10. (C) Eight weeks on, we are roughly where we expected to 
be. We have enjoyed excellent cooperation in most areas with 
the GOES, but lost some ground in other areas, especially law 
enforcement. Given the inconsistent performance of 
Salvadoran law enforcement in good times, it has been hard to 
discern a difference in performance, or crime statistics, 
since June 1. Our assistance priorities, and continued trade 
relationship, seems closely aligned with the Funes 
Administration's own goals. Foreign policy priorities will 
sometimes diverge, although our problems are likely to be 
less with the official GOES policies than with the FMLN's own 
parallel policies. The Embassy's approach with the Funes 
Administration will continue to be engagement across the 
board, even with Public Security, up to and including the 
Deputy Minister.
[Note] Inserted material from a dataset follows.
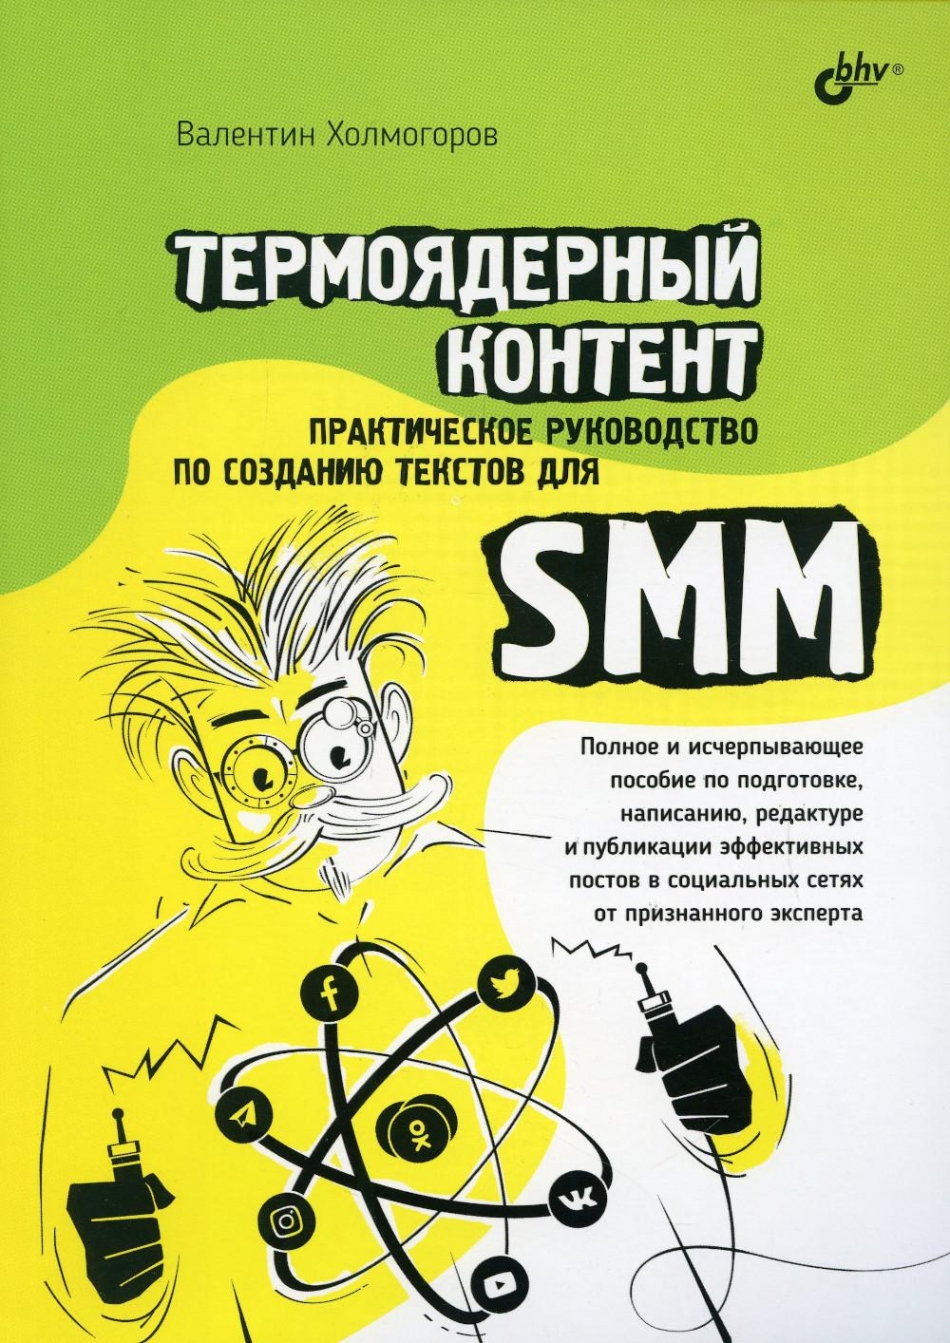 Холмогоров В.А. Термоядерный контент. Практическое руководство по созданию текстов для SMM 
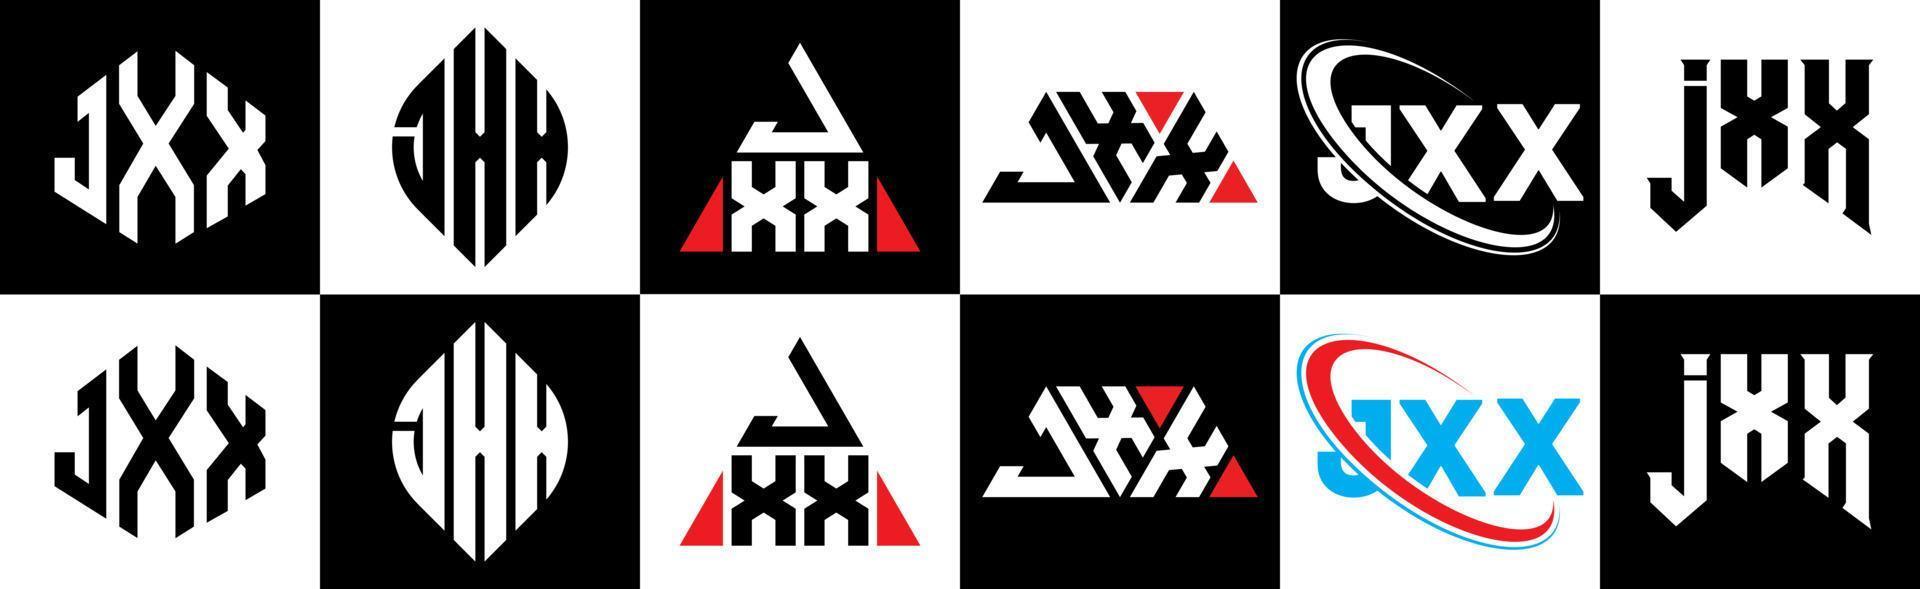 création de logo de lettre jxx en six styles. jxx polygone, cercle, triangle, hexagone, style plat et simple avec logo de lettre de variation de couleur noir et blanc dans un plan de travail. jxx logo minimaliste et classique vecteur

Our objective is to strengthen the 
institutions of Salvadoran democracy, regardless of who is in 
power. Civil society, media, and the business sector take a 
parallel and complementary approach. ARENA did not disappear 
June 1 and its reorganization and regrouping is proceeding. 
It promises to remain a significant opposition during the 
entire five years of the Funes Administration.